▶ WHAT IS NEEDED:
Please give back word for word the lines of the material below between the line containing "اینفوگرافیک زلزله,زلزله,زلزله های" and the line containing "PAUL Shirt comfort", inclusive.

▶ SOURCE DATA:
+--
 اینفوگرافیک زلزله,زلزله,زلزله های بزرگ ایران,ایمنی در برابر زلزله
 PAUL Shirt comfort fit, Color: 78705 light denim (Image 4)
+--
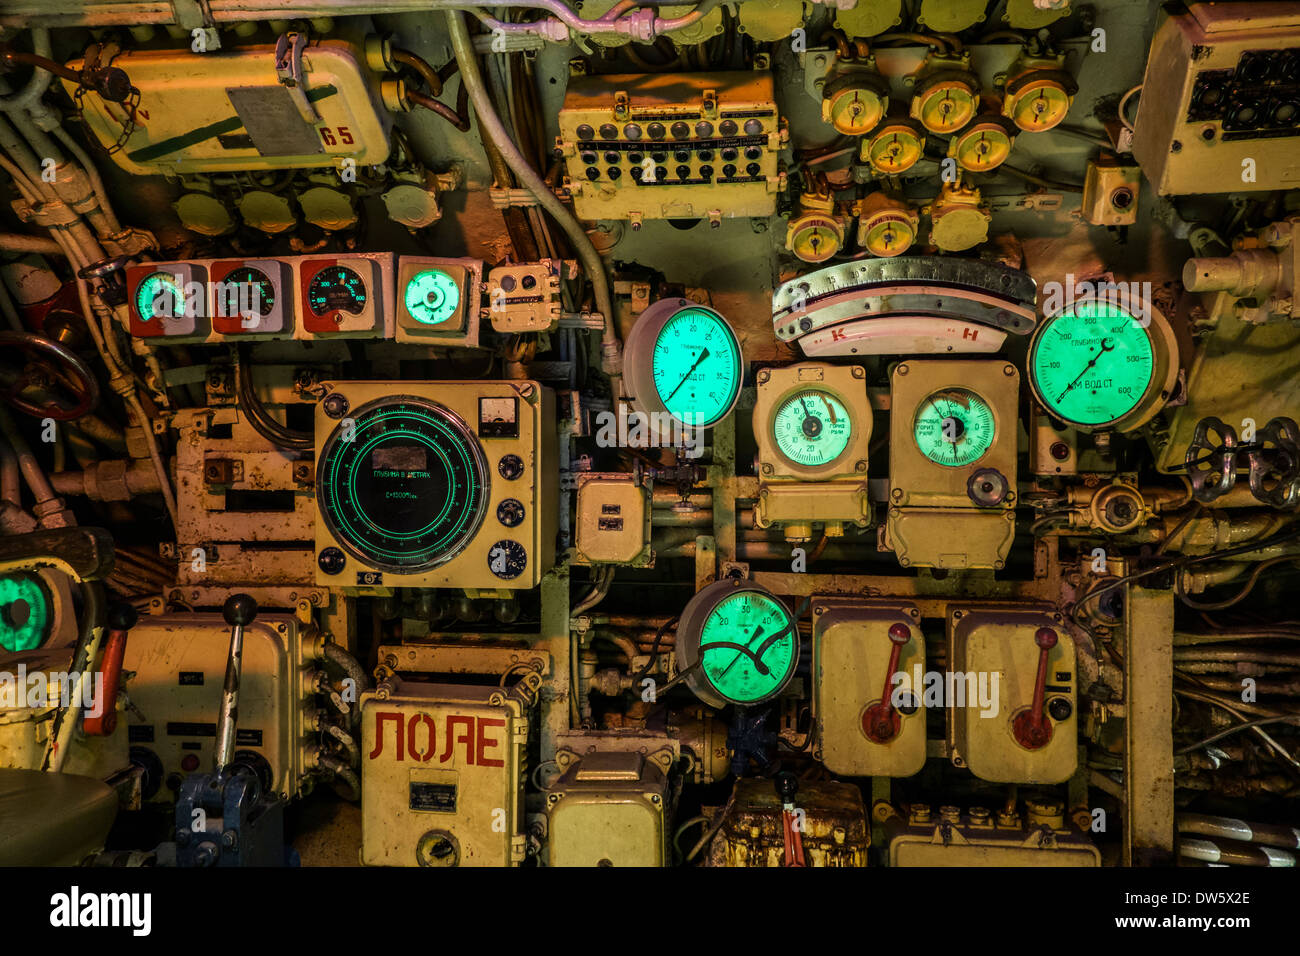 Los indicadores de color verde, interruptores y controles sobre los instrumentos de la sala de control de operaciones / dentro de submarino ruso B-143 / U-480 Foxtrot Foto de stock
+--
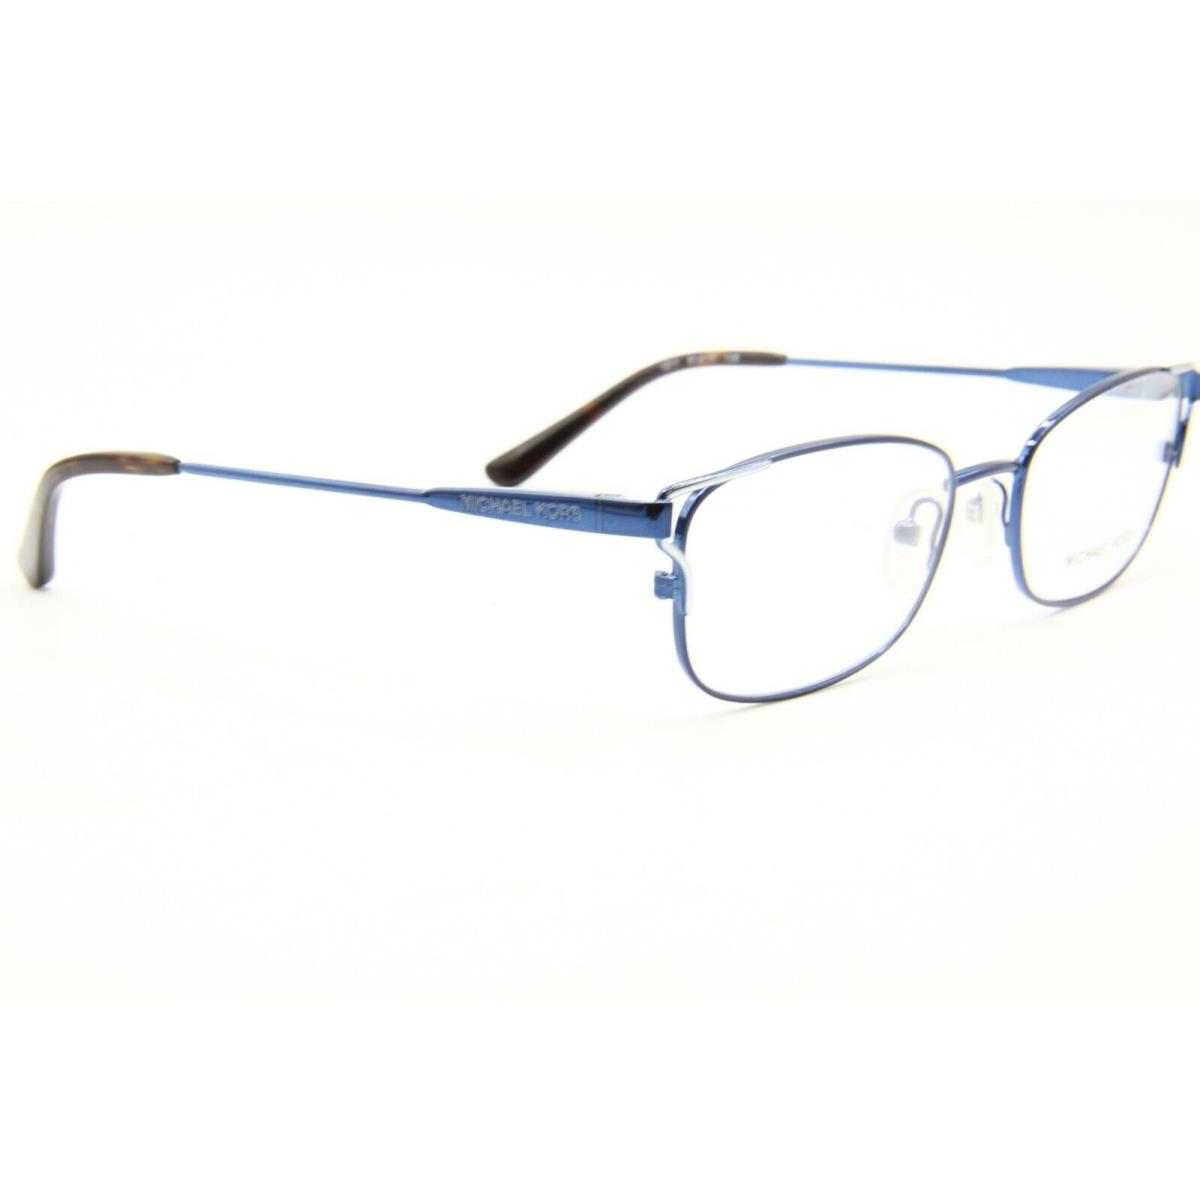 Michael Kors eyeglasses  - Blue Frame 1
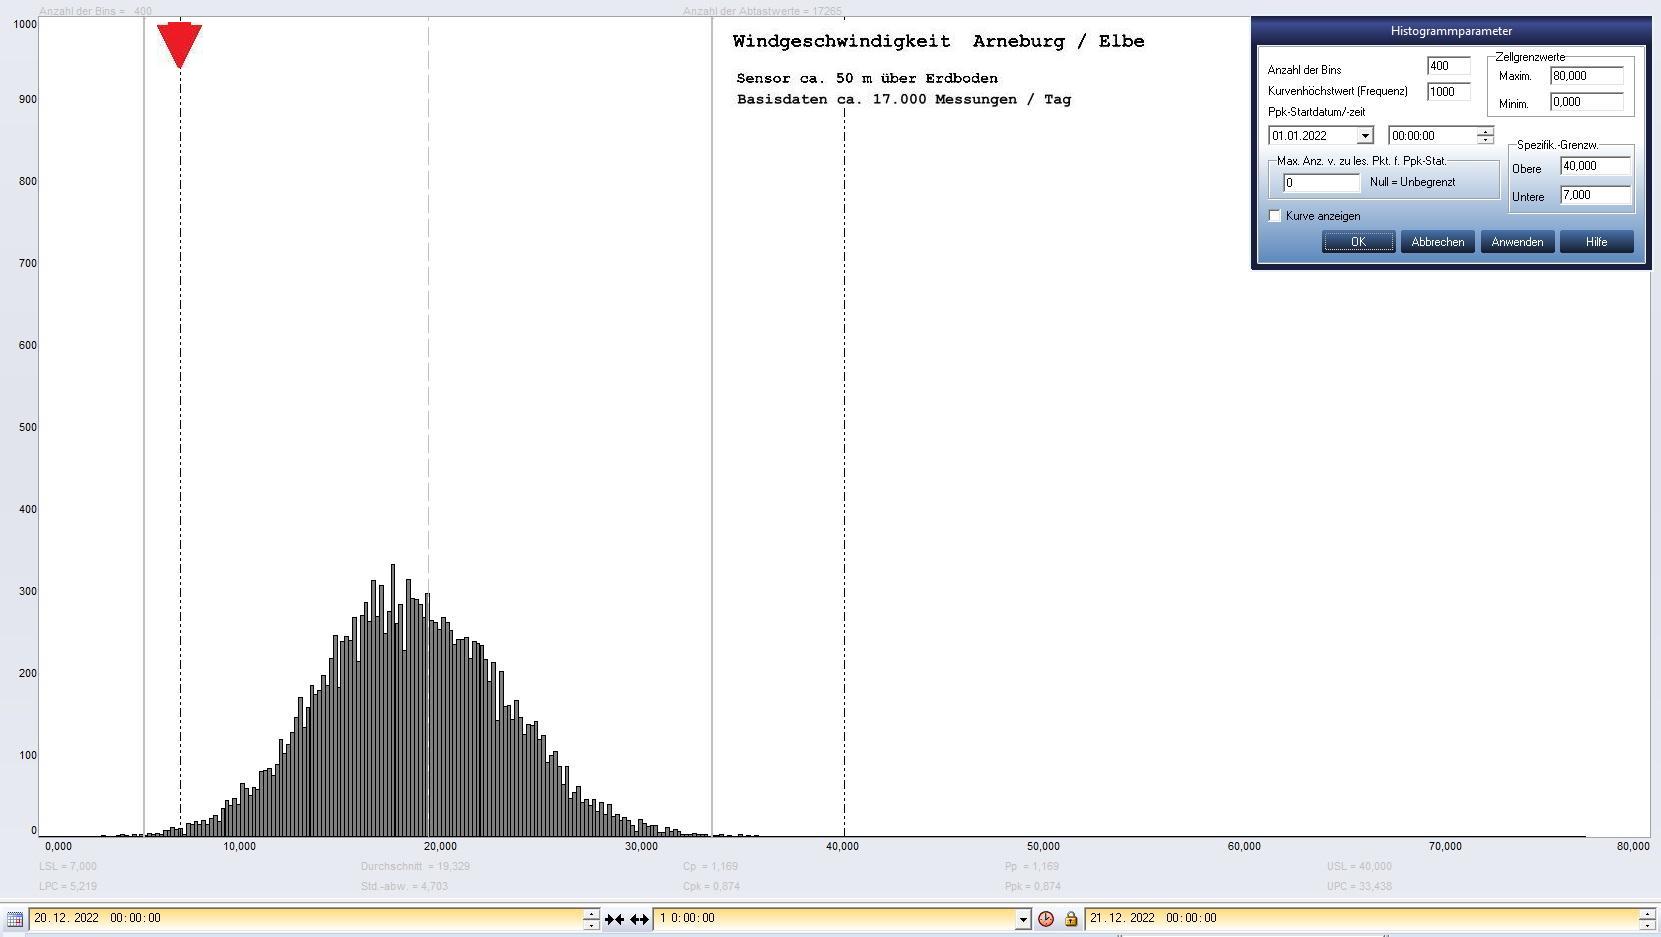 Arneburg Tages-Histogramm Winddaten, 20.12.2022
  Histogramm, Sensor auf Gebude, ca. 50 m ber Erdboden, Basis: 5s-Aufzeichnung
+--
▶ ANSWER AREA:
 اینفوگرافیک زلزله,زلزله,زلزله های بزرگ ایران,ایمنی در برابر زلزله
 PAUL Shirt comfort fit, Color: 78705 light denim (Image 4)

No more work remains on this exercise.